First, note that $\displaystyle \displaystyle a + 1 \neq 0 \implies a \neq -1$.
In order to solve for $\displaystyle \displaystyle a$, you need to consider two cases, since multiplying or dividing by a negative number reverses the inequality sign...
Case 1: $\displaystyle \displaystyle a + 1 < 0 \implies a < -1$.
Then $\displaystyle \displaystyle \frac{3}{a + 1} \geq 3$
$\displaystyle \displaystyle 3 \leq 3(a + 1)$
$\displaystyle \displaystyle 1 \leq a + 1$
$\displaystyle \displaystyle 0 \leq a$.
So in this case, you are told $\displaystyle \displaystyle a < -1$ and $\displaystyle \displaystyle a \geq 0$. Since there are not any values of $\displaystyle \displaystyle a$ that satisfy both conditions, there are not any solutions in this case.

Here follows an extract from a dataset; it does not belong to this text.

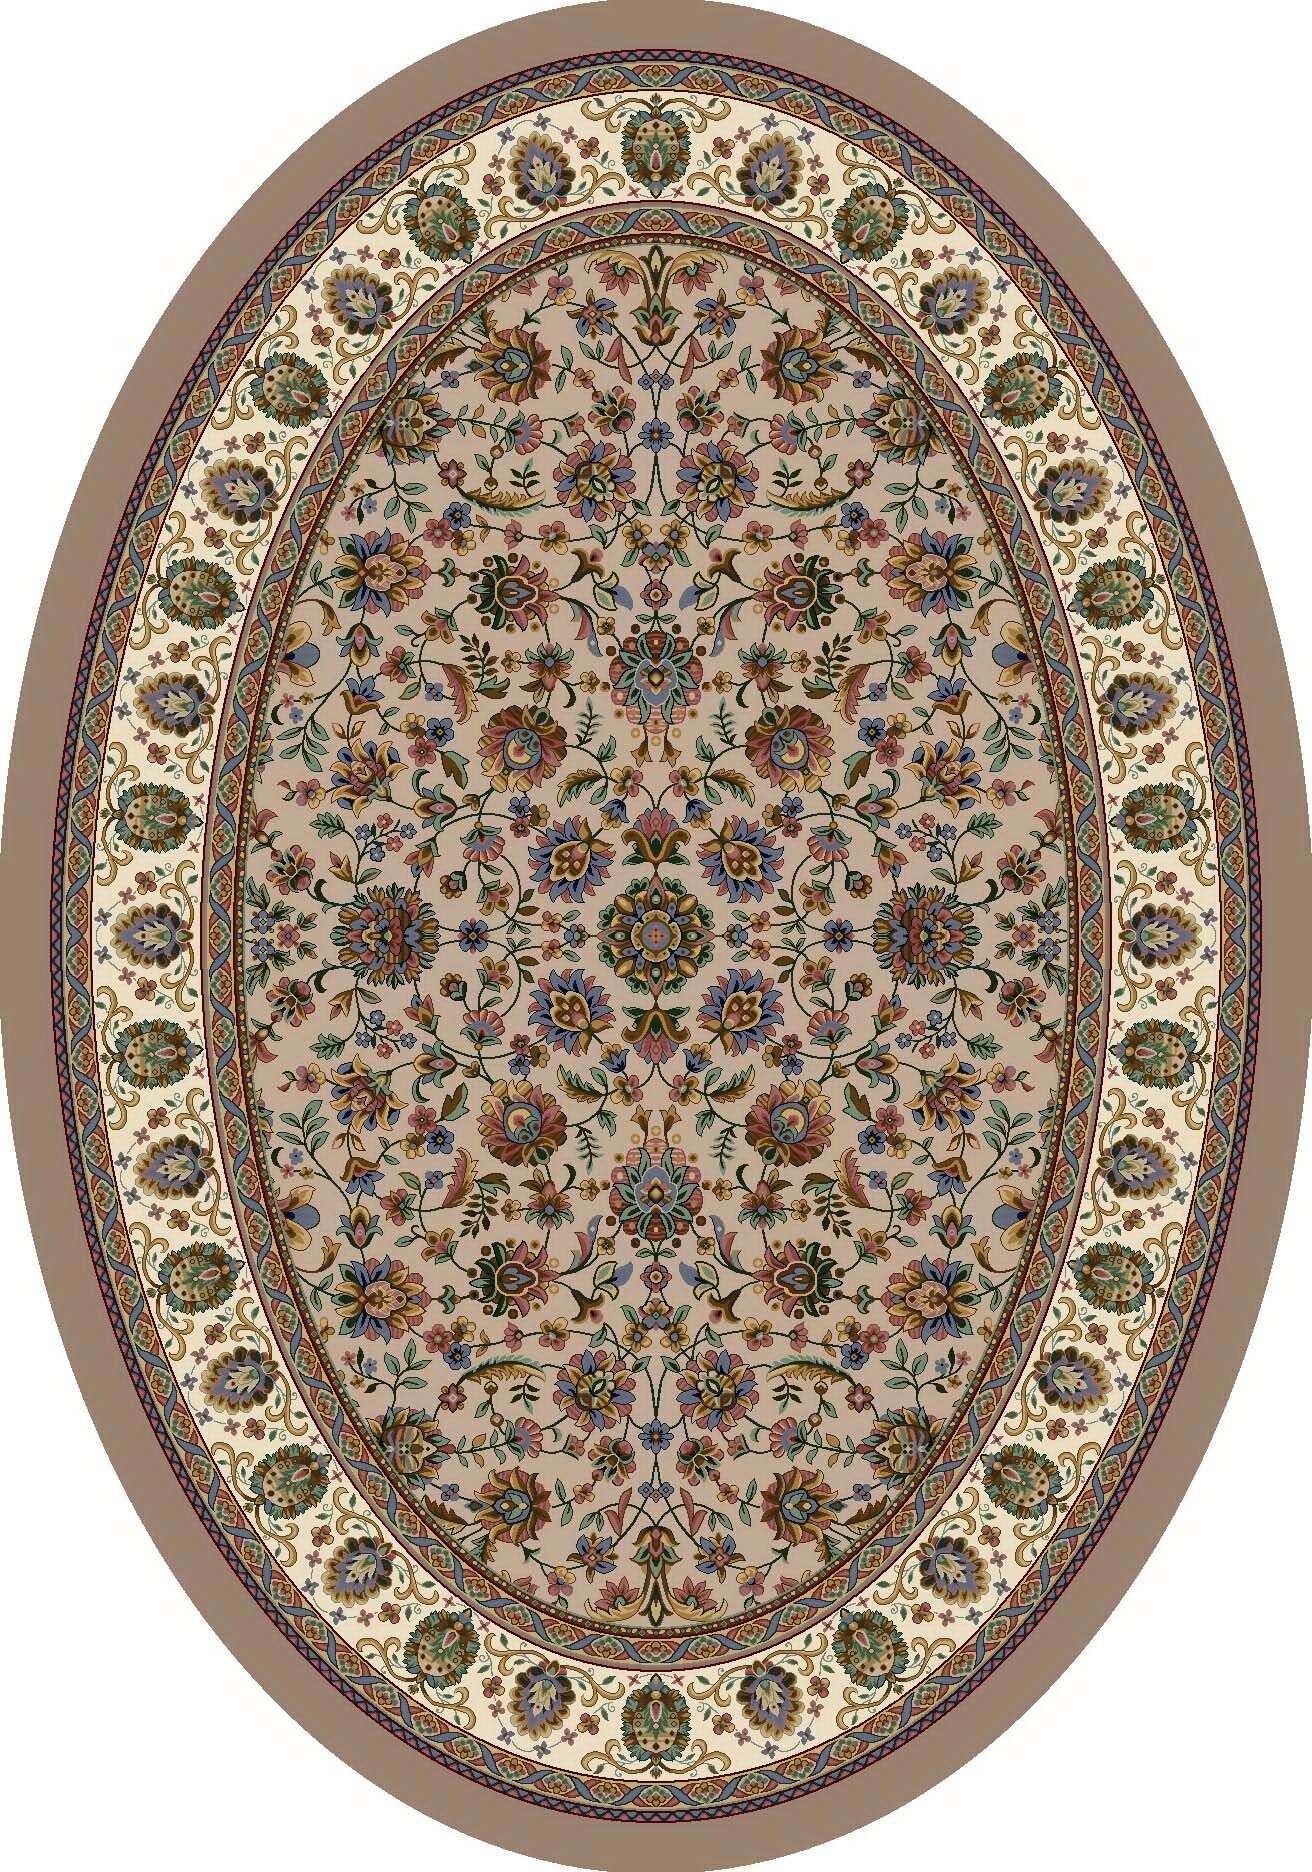 Signature Persian Palace Sandstone Area Rug Rug Size: Oval 3'10
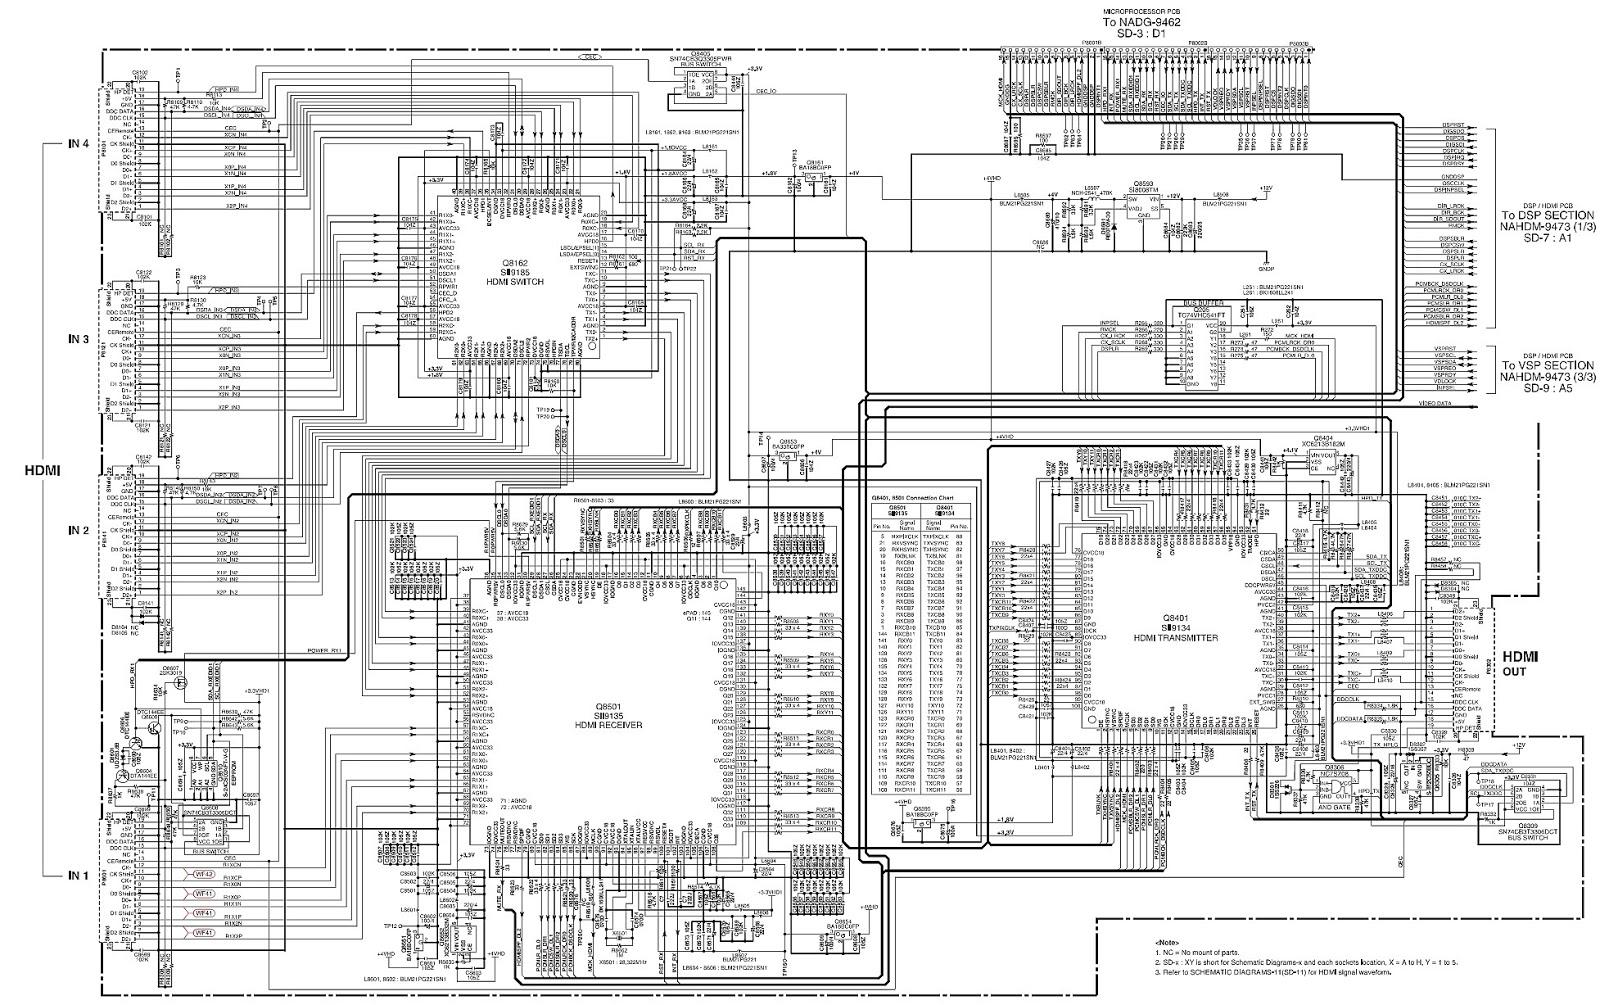 hdmi schematic wiring diagram hdmi plug wiring diagram of a hdmi circuit diagram - somurich.com #4

Case 2: $\displaystyle \displaystyle a + 1 > 0 \implies a > -1$.
$\displaystyle \displaystyle \frac{3}{a + 1} \geq 3$
$\displaystyle \displaystyle 3 \geq 3(a + 1)$
$\displaystyle \displaystyle 1 \geq a + 1$
$\displaystyle \displaystyle 0 \geq a$.
So in this case, the conditions are $\displaystyle \displaystyle a >-1$ and $\displaystyle \displaystyle a \leq 0$.
Therefore, the solution in this case is $\displaystyle \displaystyle -1 < a \leq 0$.
So the solution of your inequality is $\displaystyle \displaystyle -1 < a \leq 0$.